>>>>>

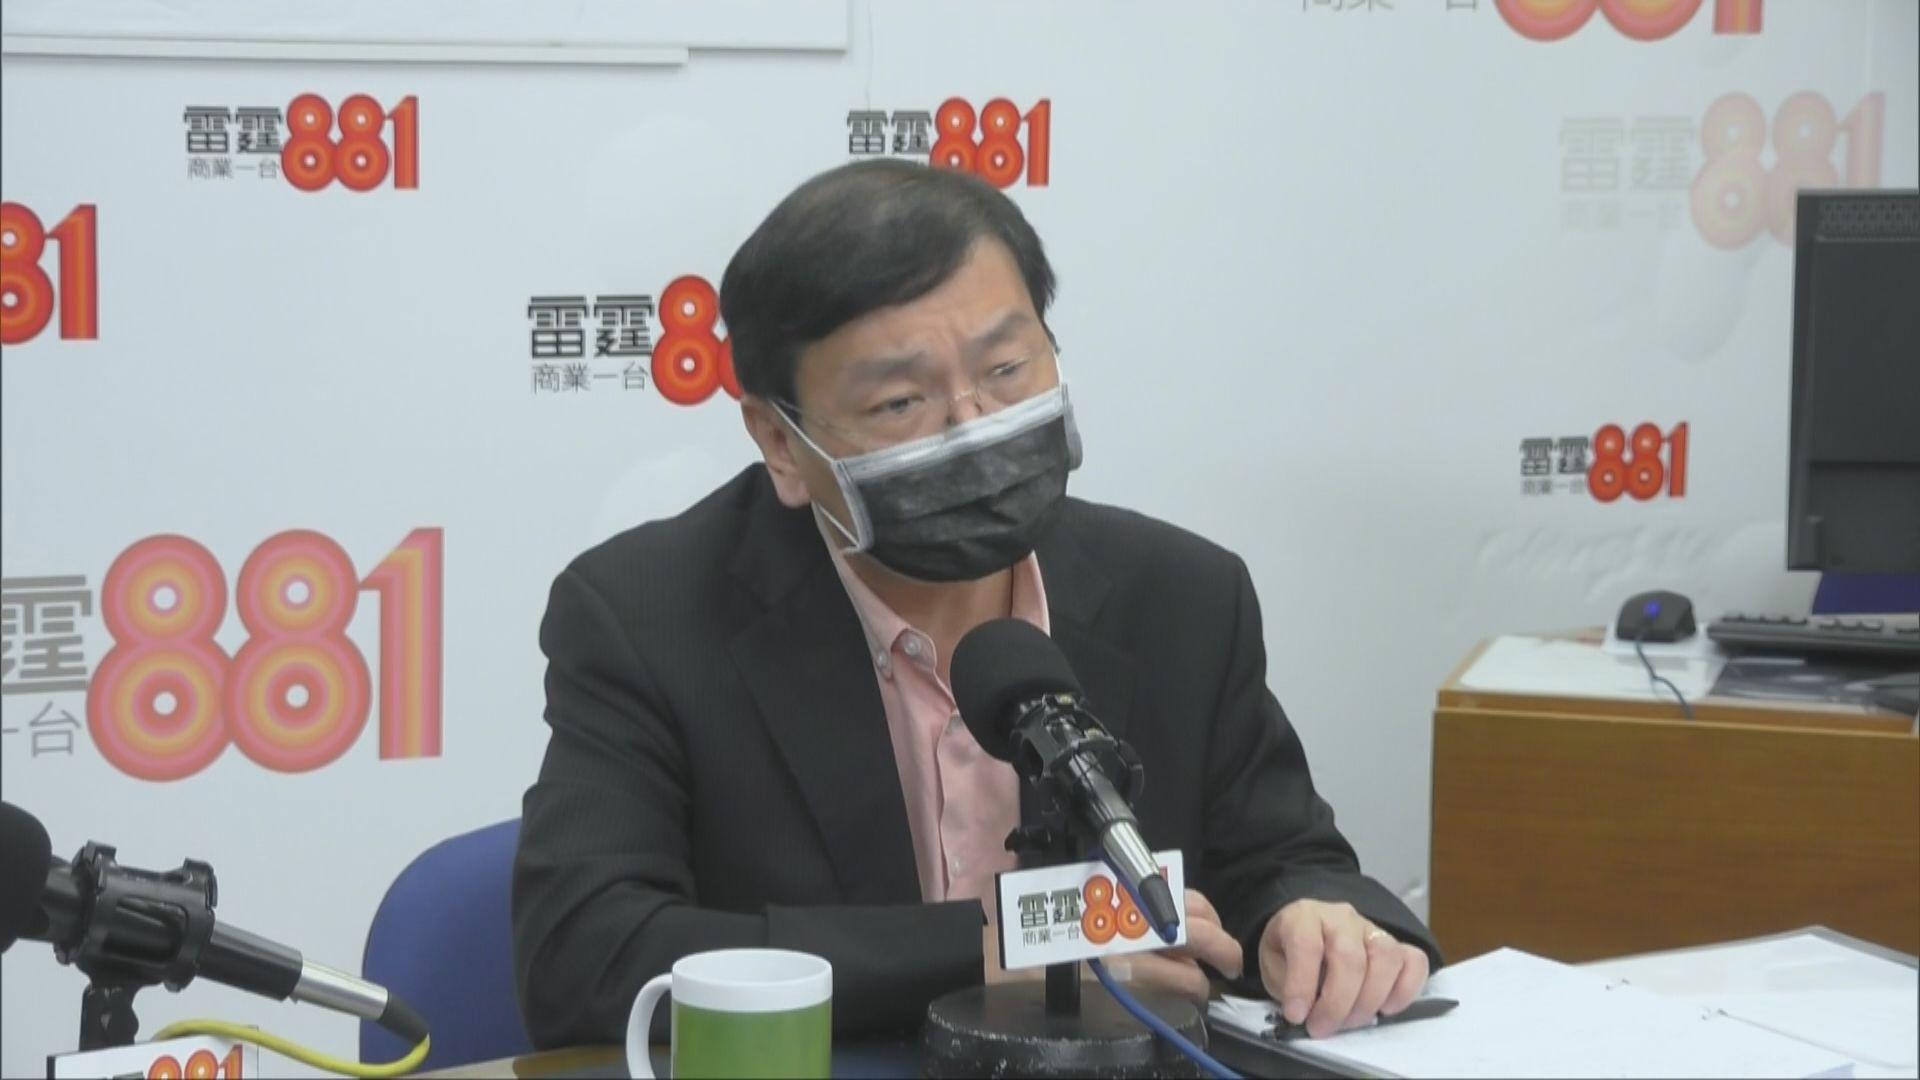 陳文敏:非只影響小撮人就不擔心國安法
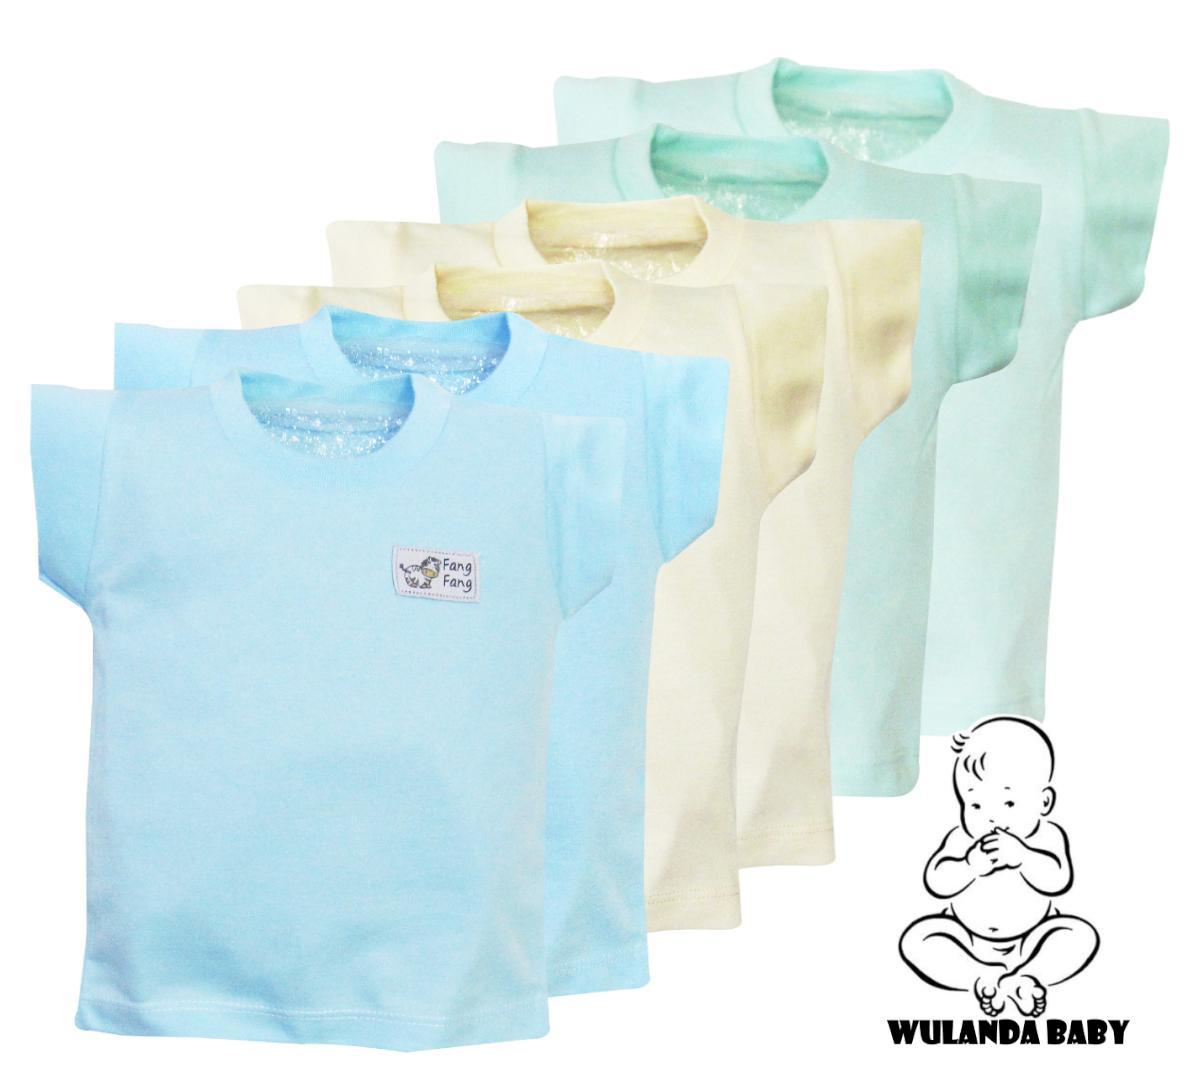 Wulanda 6 pcs baju kaus oblong anak bayi laki laki dan perempuan kaos warna polos fang
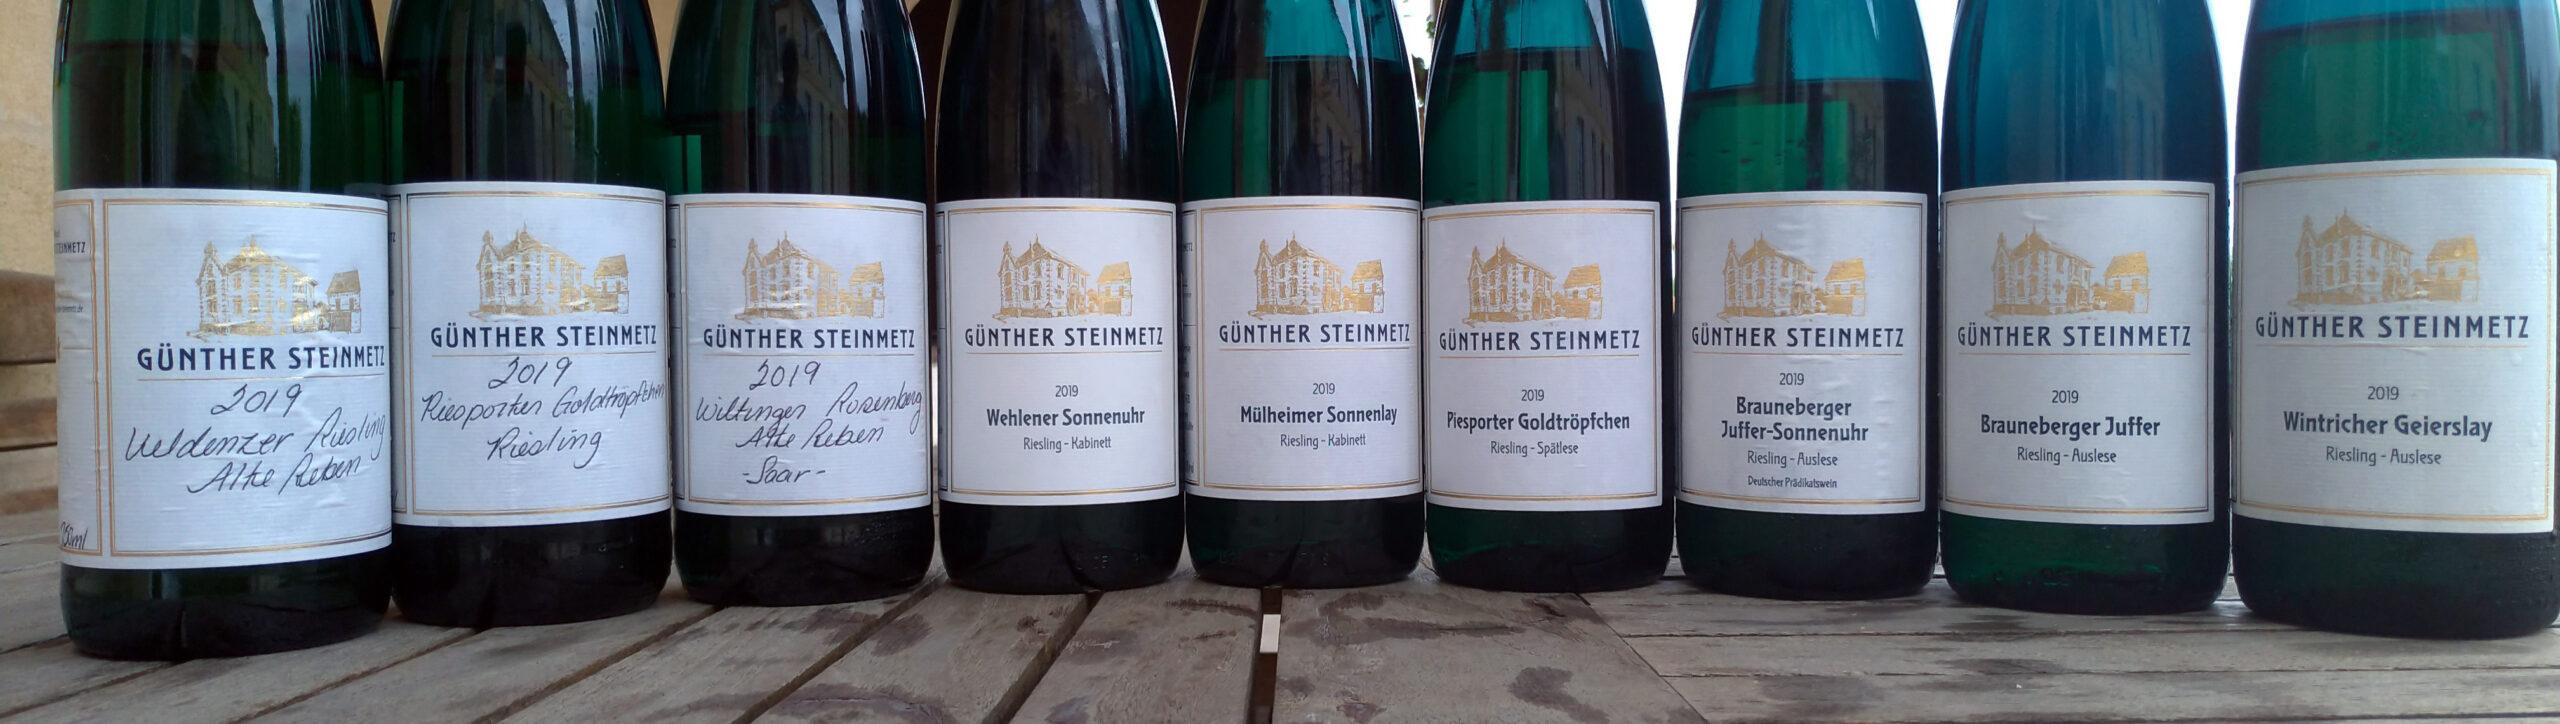 Stefan Steinmetz - 2019er Kollektion
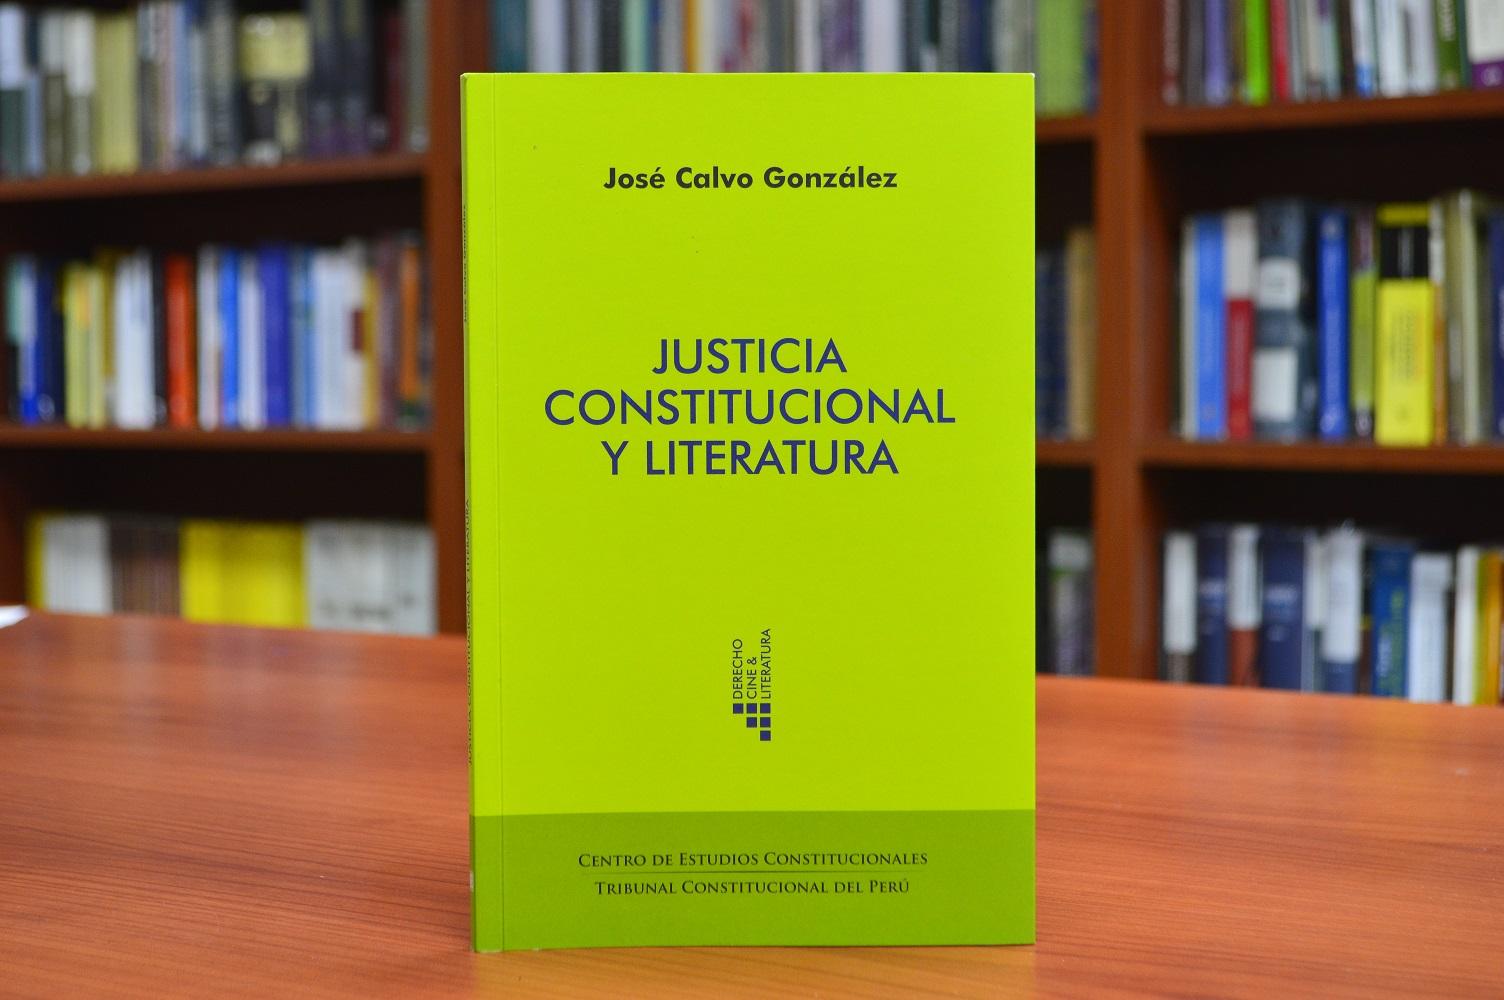 """""""Justicia constitucional y literatura"""", de José Calvo González, editado por el CEC del Tribunal Constitucional del Perú."""

<<<<<

_Task description:_ Please repeat the data verbatim and leave the pictures out of your copy.

_Solution for this exercise:_
 陳文敏:非只影響小撮人就不擔心國安法
 Wulanda 6 pcs baju kaus oblong anak bayi laki laki dan perempuan kaos warna polos fang
 Stefan Steinmetz - 2019er Kollektion
 """""""Justicia constitucional y literatura"""", de José Calvo González, editado por el CEC del Tribunal Constitucional del Perú."""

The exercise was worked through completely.